Brush the tops evenly with the melted butter, then pour over the remainder. Sprinkle the remaining cinnamon-sugar mixture evenly on top, then place in the oven and bake until golden brown, 20 to 25 minutes.
While the bread is baking, make the glaze: combine the powdered sugar and milk in a small bowl, and whisk to combine. If needed to reach a pourable consistency, add more milk a few drops at a time. Once the bread is done, let it cool for 5 minutes. Drizzle the glaze over the top, serve immediately, and enjoy! (Alternatively, after it cools for 5 minutes, you can invert the bread onto a plate, then invert it again onto a serving plate, before drizzling it with glaze.)
— Instant yeast is available in the baking aisle and online. It is sometimes labeled as “bread machine yeast” and requires no proofing, so it can be mixed directly into the flour. If using active dry yeast, it needs to be proofed first: mix the teaspoon of sugar into the measuring cup with the lukewarm water (see below) until dissolved. Add the yeast and stir to combine. Let it sit for 7 to 10 minutes, until foamy on top. Then pour the whole mixture into the bowl with the flour and salt, and proceed with the recipe as written.

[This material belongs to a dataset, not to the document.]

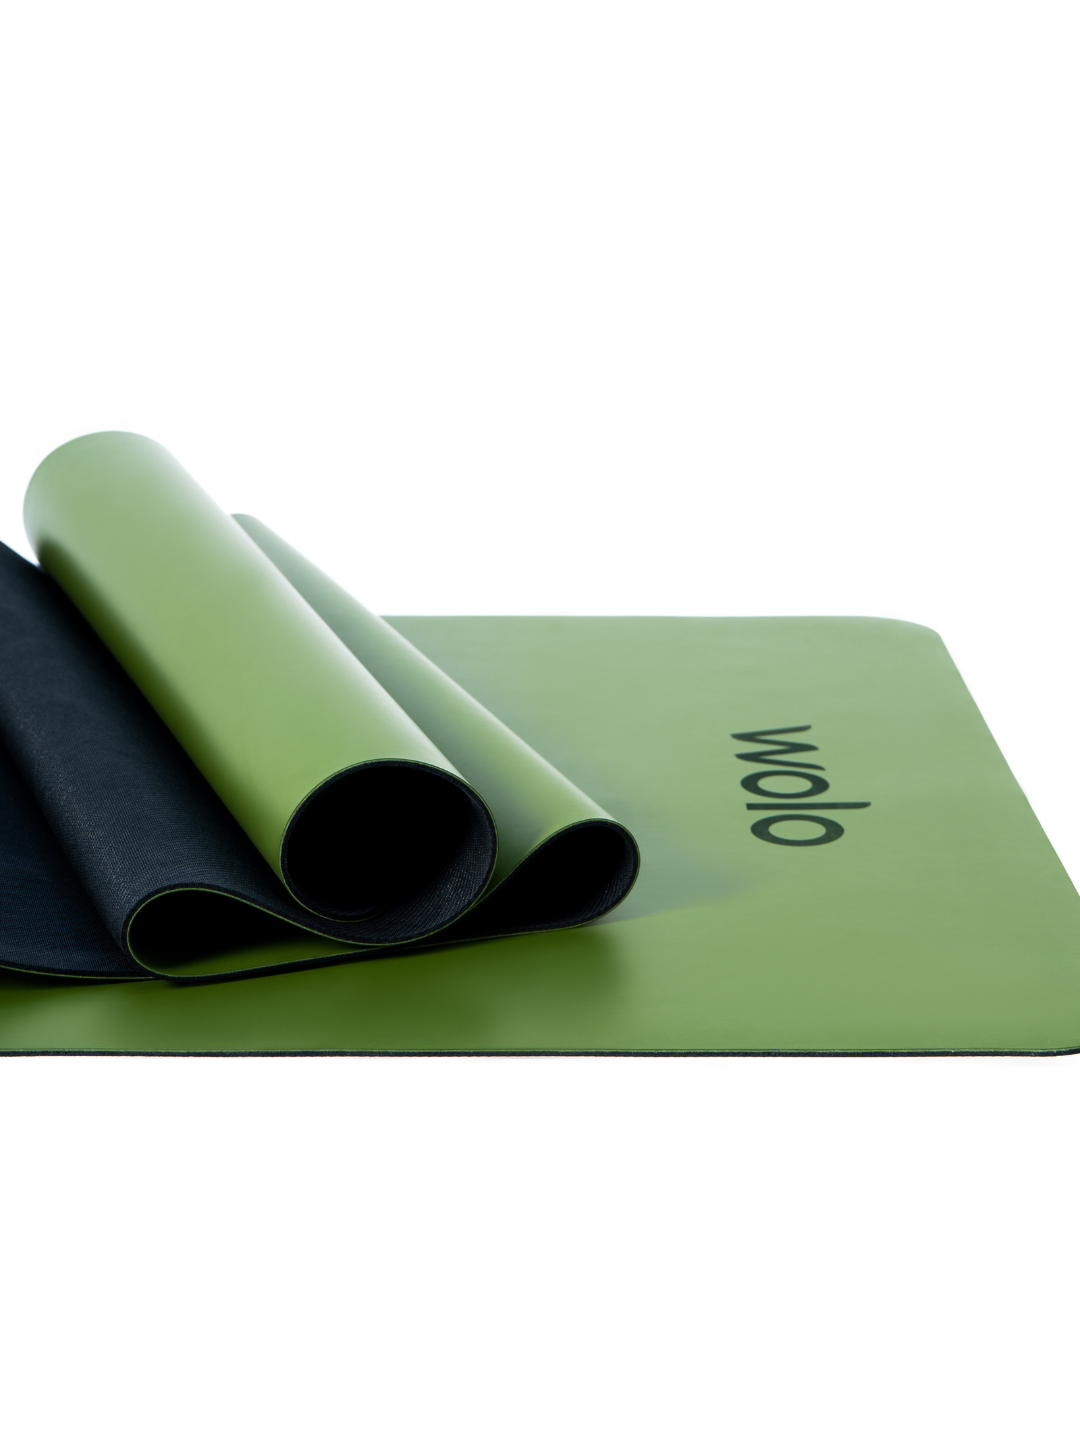 Close-up view of a Sage green yoga mat
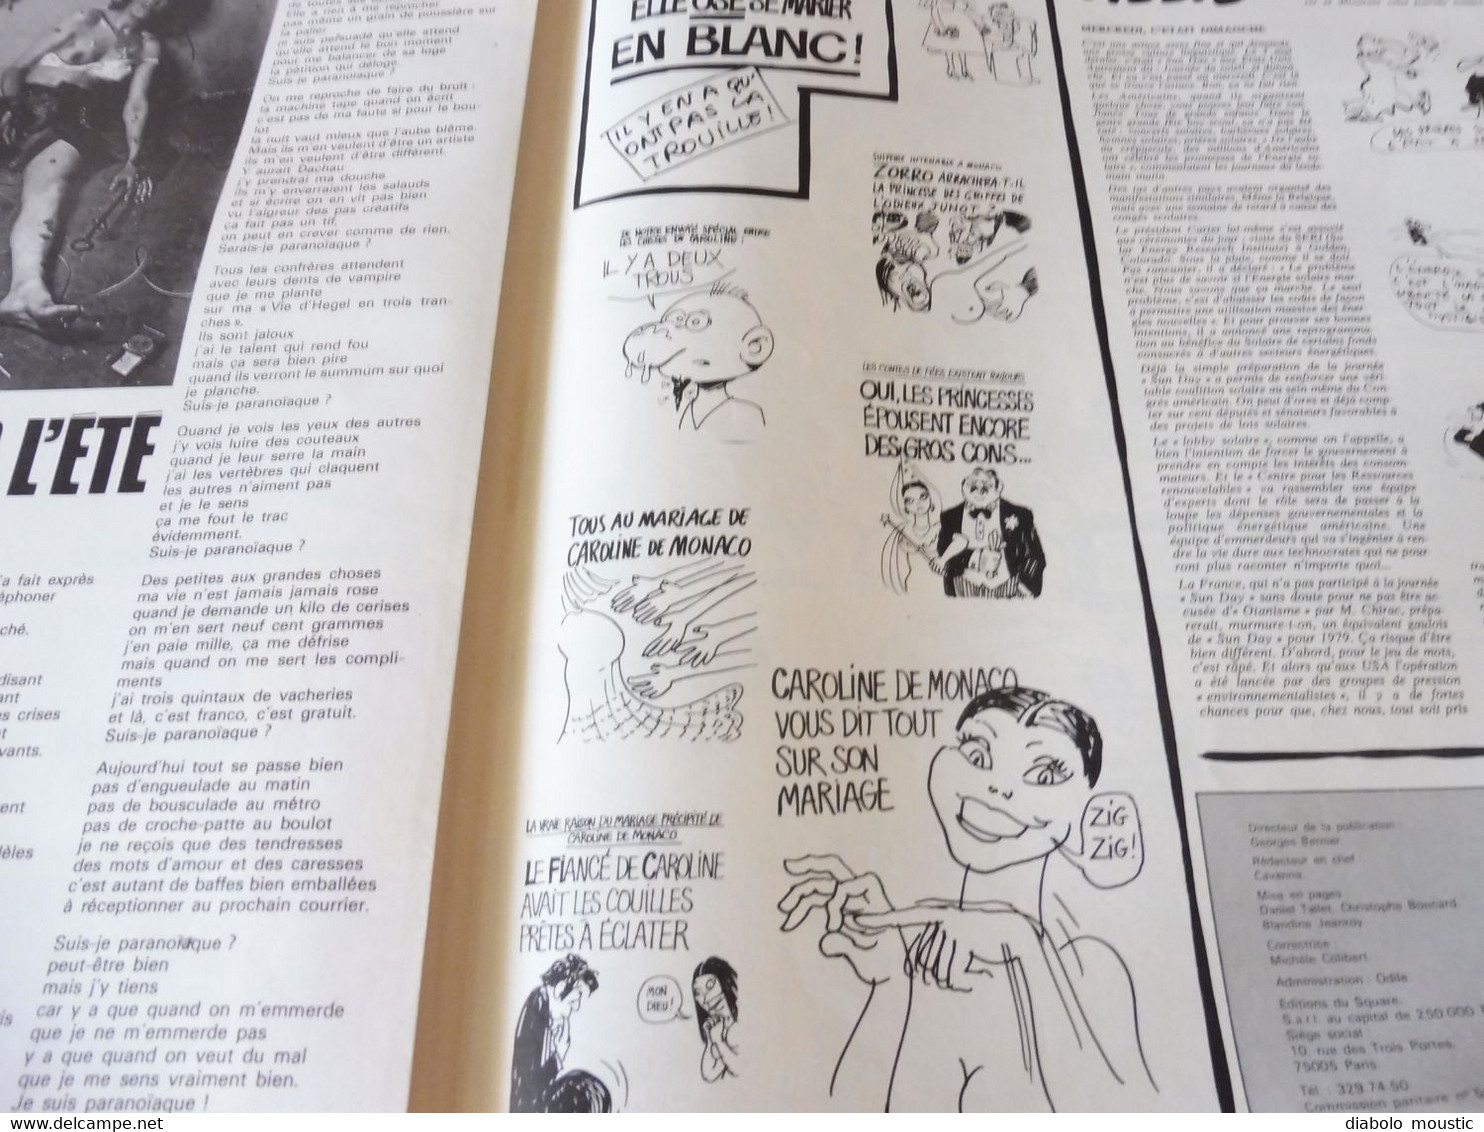 1978 MONACO : La pègre en liesse .................Etc  (Charlie Hebdo)

— To make lukewarm water for proofing yeast, Alexandra has another genius solution that applies to any standard bread recipe, with no thermometer necessary. Combine 3 parts cold water to 1 part boiling water, and voila: perfectly warm. So in this recipe, that would be 3/4 cup of cold water plus 1/4 cup of boiling water.
— To make this recipe vegan, use non-dairy butter and milk.